## Exercise details
Once "Figure 2-5. Number" turns up in a line below, reproduce that line and those after it exactly, stopping after the line with "Squirrel eats acorn"; leave pictures out.

## Input for this task
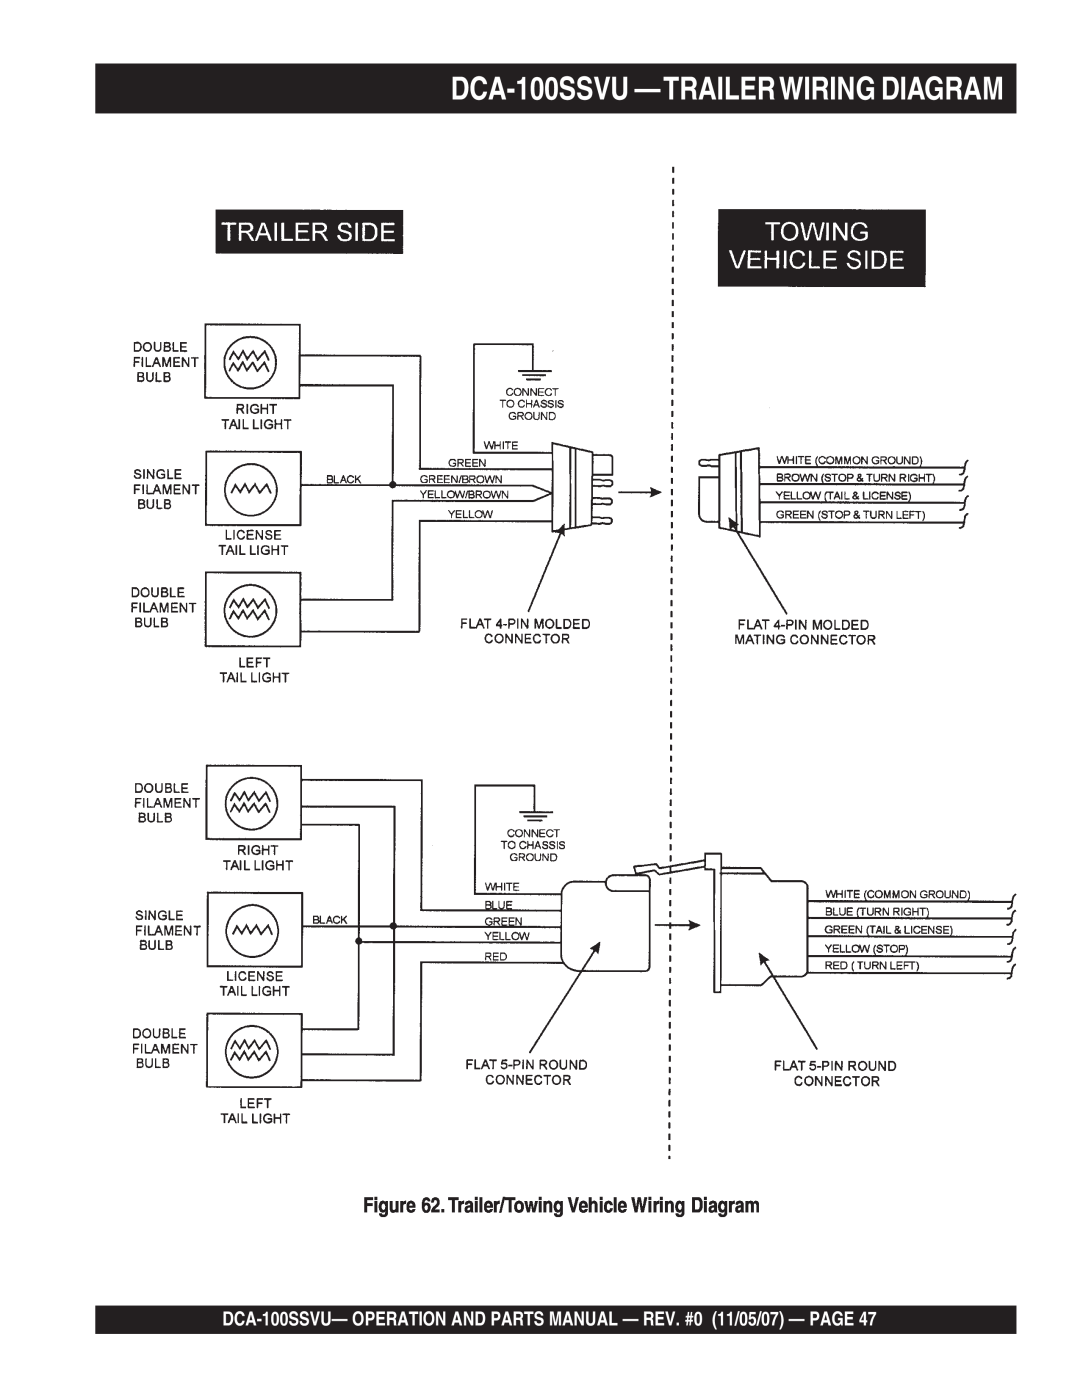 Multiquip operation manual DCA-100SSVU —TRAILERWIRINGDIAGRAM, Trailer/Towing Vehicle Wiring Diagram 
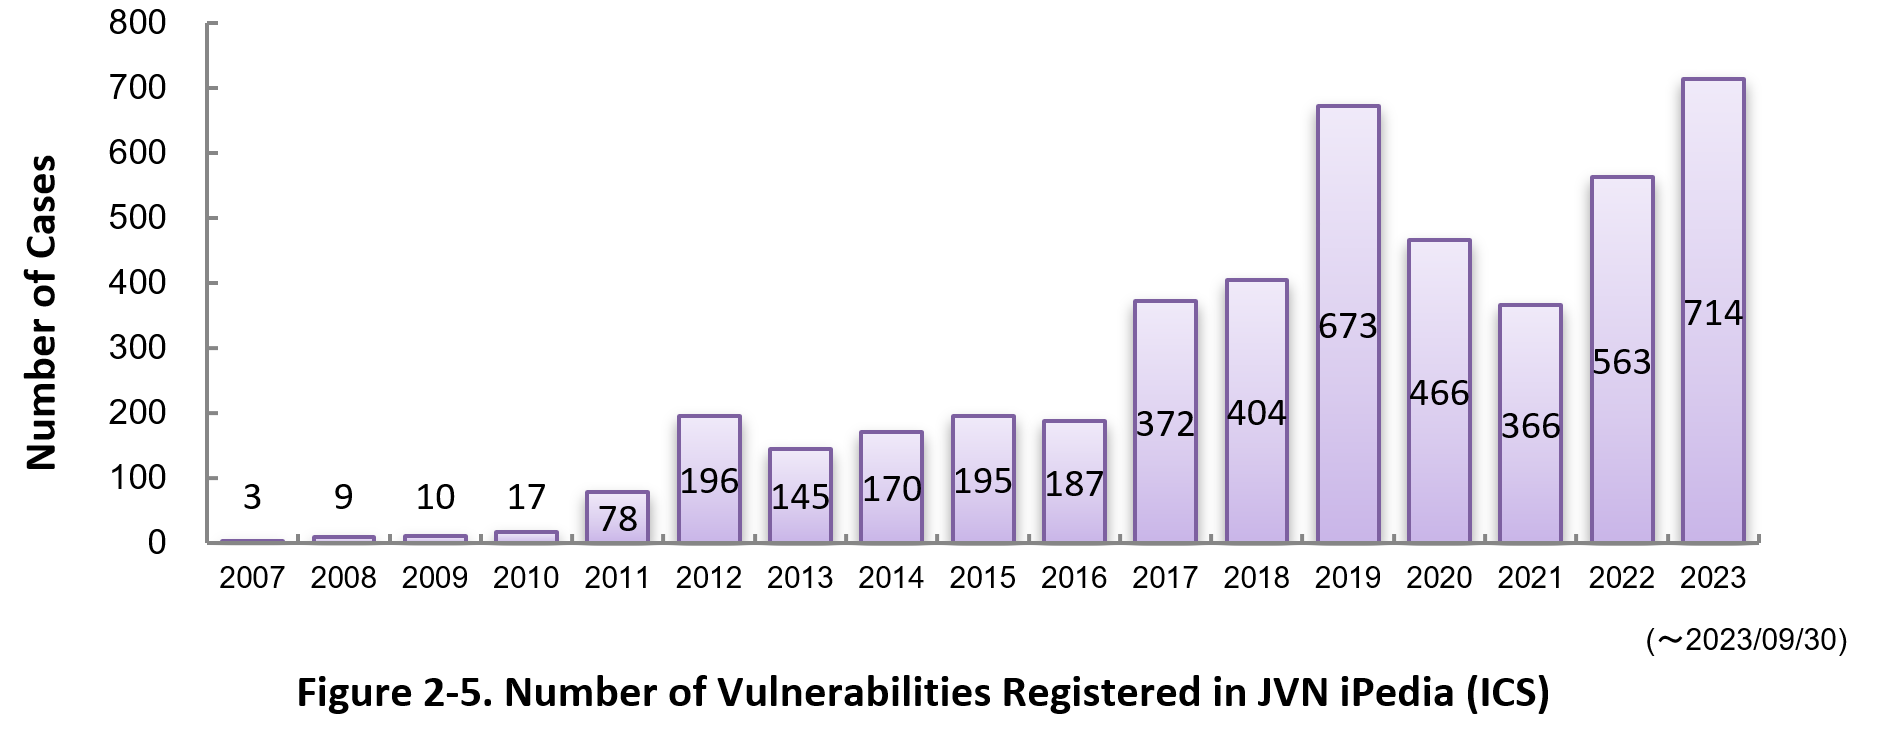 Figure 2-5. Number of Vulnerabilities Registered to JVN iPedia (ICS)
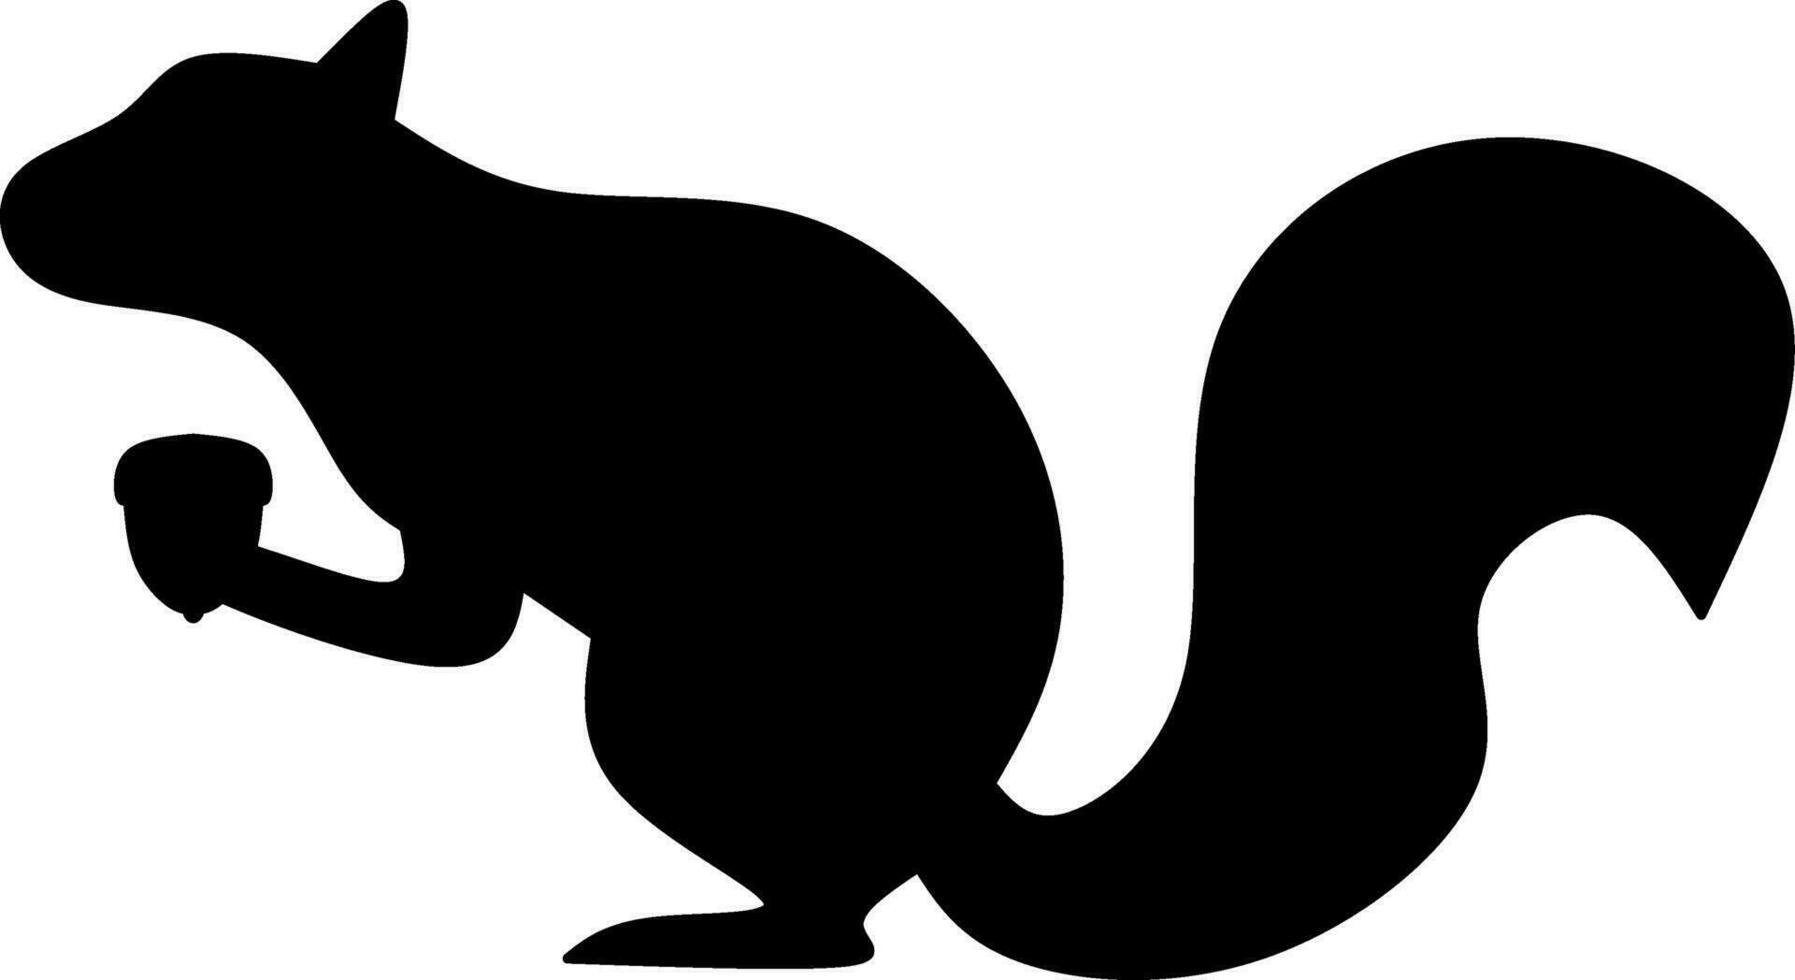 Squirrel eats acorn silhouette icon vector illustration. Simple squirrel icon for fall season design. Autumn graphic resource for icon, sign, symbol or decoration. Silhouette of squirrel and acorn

---

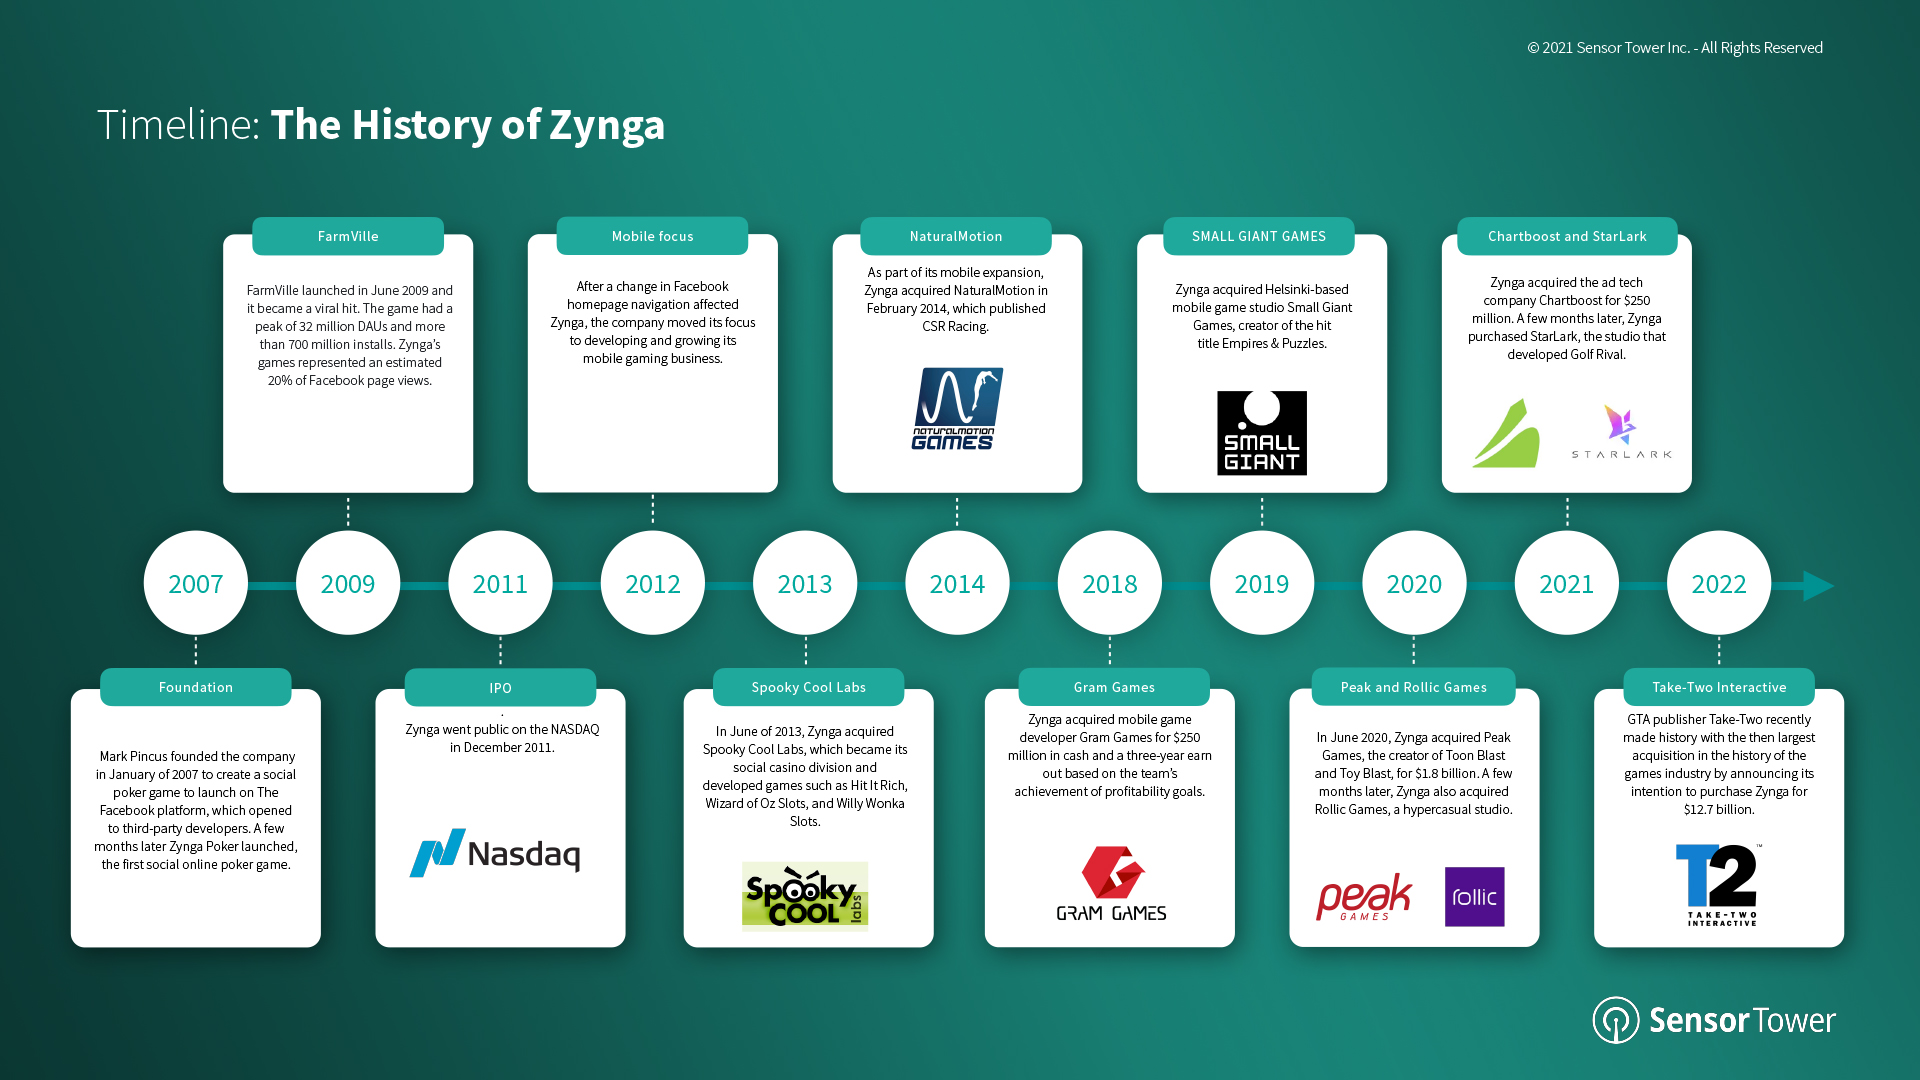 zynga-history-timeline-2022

## Exercise output
 Figure 2-5. Number of Vulnerabilities Registered to JVN iPedia (ICS)
 Squirrel eats acorn silhouette icon vector illustration. Simple squirrel icon for fall season design. Autumn graphic resource for icon, sign, symbol or decoration. Silhouette of squirrel and acorn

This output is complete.